On 2017-10-12 16:42, Guenter Roeck wrote:
> On 10/12/2017 07:32 AM, Peter Rosin wrote:
>> On 2017-10-12 13:35, Peter Rosin wrote:
>>> Hi!
>>> I have encountered an "interesting" bug. It silently corrupts data
>>> and is generally nasty...
>>> On an I2C bus, driven by the at91 driver and DMA (an Atmel
>>> sama5d31 chip), I have an 256 byte eeprom (NXP SE97BTP). I'm using
>>> Linux v4.13.
>>> The at24 driver for the eeprom detects that the I2C adapter is
>>> capable of I2C transactions and selects that over SMBus. Reads
>>> are done in 128 byte chunks. However, sometimes there is some
>>> kind of event that disturbs the transactions such that the very
>>> last bit och the very last byte (and the following NACK and STOP)
>>> of such chunks are delayed for a long time (the latest incident
>>> shows 85ms on the scope). That is too long for the eeprom which
>>> is expecting SMBus and times out after about 30 ms. When the
>>> eeprom times out, it just releases the data line so that it is
>>> pulled up high. The I2C driver does not notice this, and when it
>>> finally gets going, it reads a one for the last bit instead of
>>> the expected zero. Since it is the last byte of the read, a NACK
>>> is expected and since the eeprom has timed out the NACK is there.
>>> And the STOP condition also looks normal (expected since it is
>>> generated by the driver itself). So, the driver has not noticed
>>> anything funny. But the data is corrupted.
>>> I can work around this by disabling the SMBus timeout in the eeprom
>>> with:
>>> 	i2cset -f 0 0x18 0x22 0x8100
>>> But that is done on a different I2C address (the eeprom is on
>>> address 0x50), since the chip is a combined temperature sensor and
>>> eeprom, and the SMBus timeout bit is of course in a temperature
>>> sensor register.
>>> HOWEVER, I fail to see how this is limited to my case with this
>>> eeprom. Any SMBus chip with a timeout will suffer the same fate.
>>> The real bug is that this happens without the driver noticing it.
>>> And why is there a 85ms delay in the middle of the last byte?
>>> Sure, I can see why there might be a delay before finishing up
>>> with a STOP condition or between bytes if there needs to be some
>>> DMA setup at some interval, but after the 7th bit of a byte?
>>> For a lot of transactions on the I2C bus there is no delay before
>>> the last bit.

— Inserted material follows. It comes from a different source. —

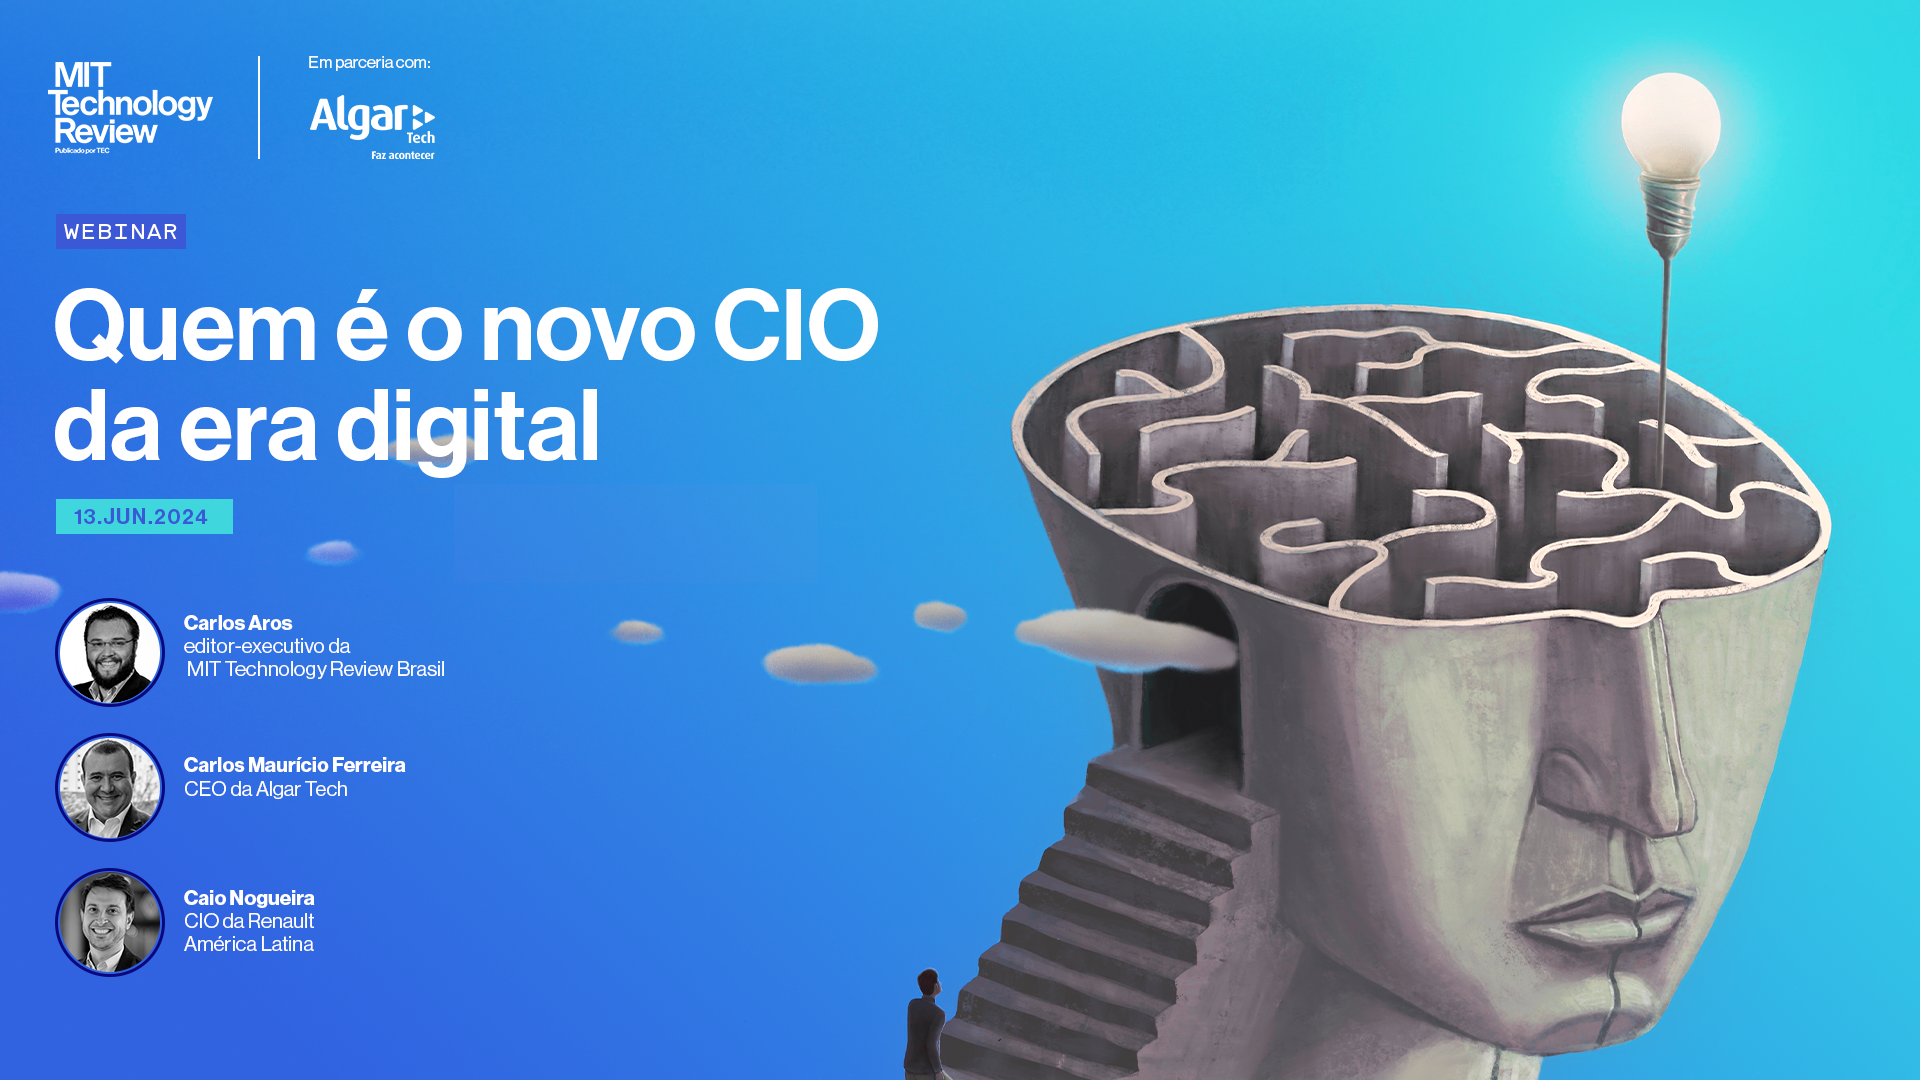 Banner do Webinar "Quem é o novo CIO da era digital"

And most of the time there is no delay for the
>>> eeprom reads either; the delay only occurs when it feels like it.
>>> This does not feel good at all.
>> I added some traces to i2c-at91.c and, AFAIU, it's the call to
>> at91_twi_read_data_dma_callback that sometimes arrives later than
>> desired. Once the callback runs, the transfer completes swiftly.
>> After reading the comments in that driver I suppose the HW holds
>> on to the last data-bit until it knows whether to ACK or NACK in
>> the following bit.
>> But given this, it is questionable if this driver/HW combo can
>> claim support for SMBus. But then again, I expect many things
>> suffer from similar scheduling delays (presumably that's what's
>> going on) so this is probably not special to i2c-at91.c...
>> Since this is probably a very generic problem and I just happened
>> to hit it for the eeprom, I wonder if it would be ok to add a
>> workaround, as below, to the temperature sensor driver part of this
>> chip? (with suitable comments, defines for the constants etc -
>> setting the 0x0080 bit in reg 0x22 disables the SMBus timeout)
>> Cheers,
>> Peter
>> diff --git a/drivers/hwmon/jc42.c b/drivers/hwmon/jc42.c
>> index 1bf22eff0b08..3e72bd8e06d1 100644
>> --- a/drivers/hwmon/jc42.c
>> +++ b/drivers/hwmon/jc42.c
>> @@ -416,6 +416,13 @@ static int jc42_detect(struct i2c_client *client, struct i2c_board_info *info)
>>   	if ((cap & 0xff00) || (config & 0xf800))
>>   		return -ENODEV;
>> +	if (manid == NXP_MANID && (devid & SE97_DEVID_MASK) == SE97_DEVID) {
>> +		int smbus = i2c_smbus_read_word_swapped(client, 0x22);
>> +		if (smbus < 0)
>> +			return -ENODEV;
>> +		i2c_smbus_write_word_swapped(client, 0x22, smbus | 0x0080);
>> +	}
>> +
> Outch. Not like that; this would affect every board with this chip, not just this one.

That was kind of the intention. Silent corruption is nasty. But ok, let's
do the opt-in thing.

> We would need something like a DT property to do that (smbus-timeout-disable is used
> in other drivers).
> .. and definitely not in the detect function. This would have to be done in probe.

Arrgh, I did test it, but not properly. The patch passed my tests
because I didn't power-cycle the board and the already disabled timeout
stayed in place for the next boot. I just assumed jc42_detect was
called from probe and it was convenient to have the manufacturer etc
already at hand. Silly silly.

I'll send a proper patch tomorrow with these things taken care of...